These Skincare Brands Want You to Buy Less Stuff
It might be time to simplify your routine.
Published Oct 19, 2019 12:00 AM
In a time when medicine cabinets get as much (if not more) Instagram love as beautifully arranged bookshelves or neatly organized closets, you might find yourself stopping in the middle of your lengthy moisturizing routine and asking, “Wait, do I really need all of these products?” And you wouldn’t be alone. In fact, there are plenty of skincare lines that have built their followings by simply offering something more, well, simple.
Ayond, a four-product line inspired by southwestern desert plants, is one of the newest brands taking a pared-down approach to skincare. With a cleansing balm, face serum, day cream, and face oil—all containing plant oils and butters—the line offers an uncomplicated and preventative treatment plan. “We have a holistic approach to optimizing skin health,” explain founders Porter Yates and Shani Van Breukelen. “Skin experiences stress throughout the day, and we wanted to create a regime that keeps it hydrated, nourished, and protected from environmental stressors.”

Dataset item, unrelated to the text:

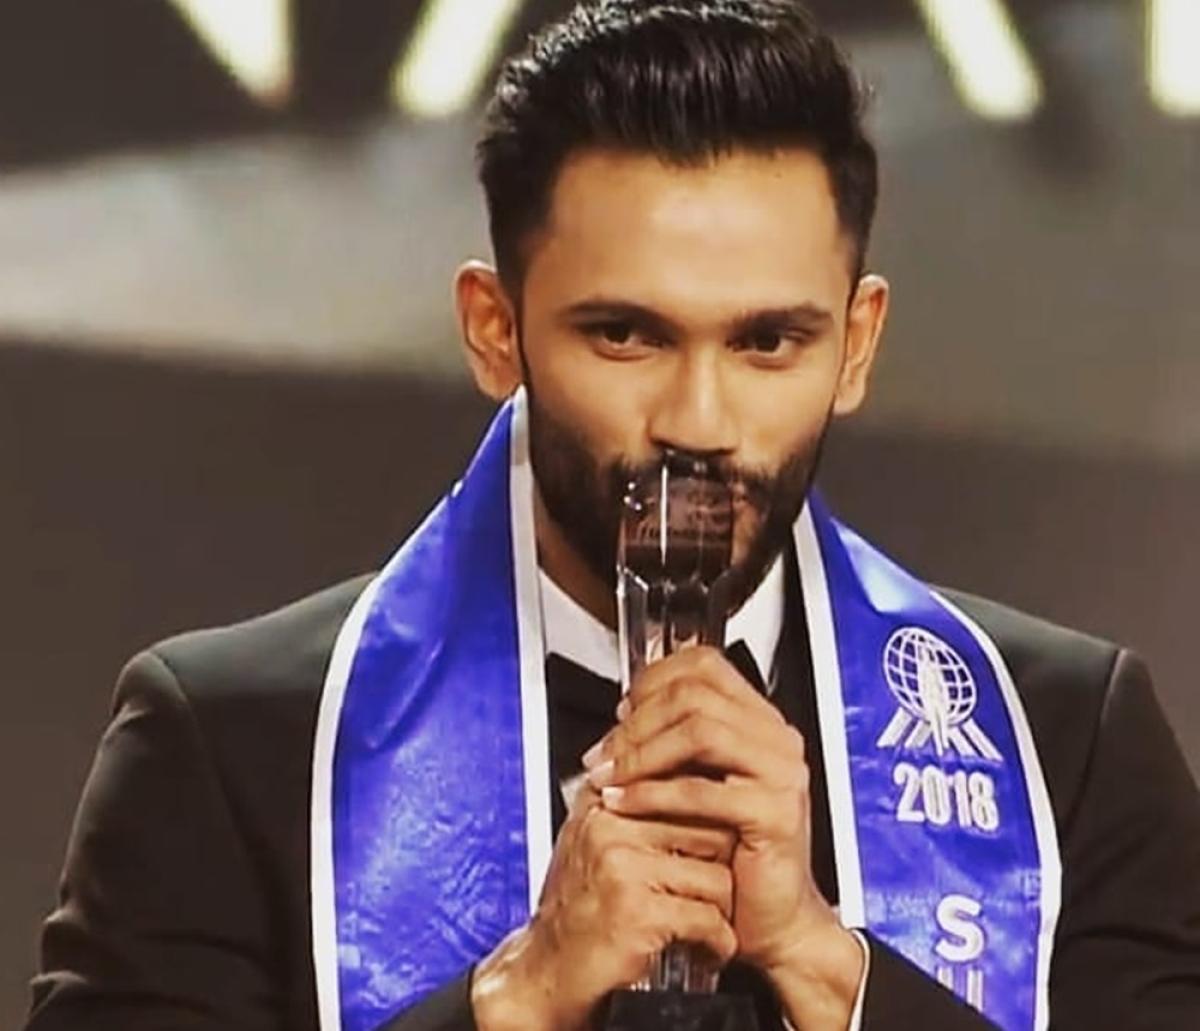 In a first, India's Prathamesh Maulingkar wins Mister Supranational 2018

Ayond’s less-is-more strategy is part of a larger movement within the beauty industry: Cult-status brands like Vintner’s Daughter, routine-oriented ones like Peet Rivko, and versatile options like Noto Botanics are all paving the path for less-packed medicine cabinets, increased transparency, and more approachability for those of us who can’t tell an essence from a serum.
Why Less Might Be More
According to the experts, it’s possible we’re overthinking our double digit–step routines in the first place. “The ideal number of steps is three: cleanse, apply an active product, then moisturize—plus a sunscreen in the morning,” says Morgan Rabach, board-certified dermatologist and cofounder of LM Medical. “Too many steps decreases compliance, and more than a few layers of products often causes them to bead up or they don’t get absorbed as well in the skin.”
And there are so many products that no longer serve just one purpose. Your serum can fight hyperpigmentation and acne. Your moisturizer can hydrate and exfoliate. So when you invest in high-quality products that do it all, there’s less cocktailing required of you—and that can lead to an even better result. For example, Vintner’s Daughter Active Treatment Essence is full of active ingredients from 22 different nutrient-dense plants, and when paired with the brand’s Active Botanical Serum, the combo is powerful enough to eschew much else.
For Gloria Noto, founder of Noto Botanics, using versatile products is also key for a simplified, sustainable routine. “Sustainability comes from so many avenues—one is by creating products that have multiuse functions, meaning you have less but still have it all.” Noto’s Deep Serum, which contains Vitamin C-rich sea buckthorn oil and anti-inflammatory rosehip seed oil, among other natural ingredients, can either be used as a traditional serum or a serum-moisturizer hybrid.
There’s also the fact that using too many products could make it trickier to pin down what’s really working for you—and in the worst scenarios, it could have an adverse effect on your skin, Yates and Van Breukelen point out. And just because a product is trendy doesn’t mean it’s going to change your complexion overnight. “So much of skincare is driven by newness for the sake of newness, not because the skin needs it,” says April Gargiulo, founder of Vintner’s Daughter. “I always say, find the products that are truly in service of skin and marry them for life.”
How to Find a Minimal Skin Routine
While it’s easy to be swayed by buzzy ingredients or pretty packaging (guilty as charged!), before adding any product to your routine, it’s important to give it a background check. “Most people don’t realize that the skincare industry is essentially unregulated with no major legislation passed since 1973,” says Johanna Peet, founder of Peet Rivko. “I think smart, updated regulation would go far in helping the average person understand what’s in a product and how it might affect their skin, and then they can make an educated decision about how complicated their routine should be.”
When in doubt, avoid piling on active ingredients (basically, the ingredients that “treat” specific issues like acne or hyperpigmentation), and start with a foundation of gentle products. “My line is great for mixing and matching with your other favorite products, especially those that might be more aggressive, like a retinol or acne medication,” Peet adds.
While it may be tempting to stick to a single line of skincare products (as pretty as they might all look on your bathroom counter), Rabach says this isn’t necessarily the best strategy. “I think it is important to seek out products that use the best ingredients available,” she says. By prioritizing natural ingredients (and being transparent about them), minimalist brands are making approachable, simplified routines that might just be the easygoing alternative your skin has been craving. “We’re creating products for all people,” Peet says. “Anyone with skin.”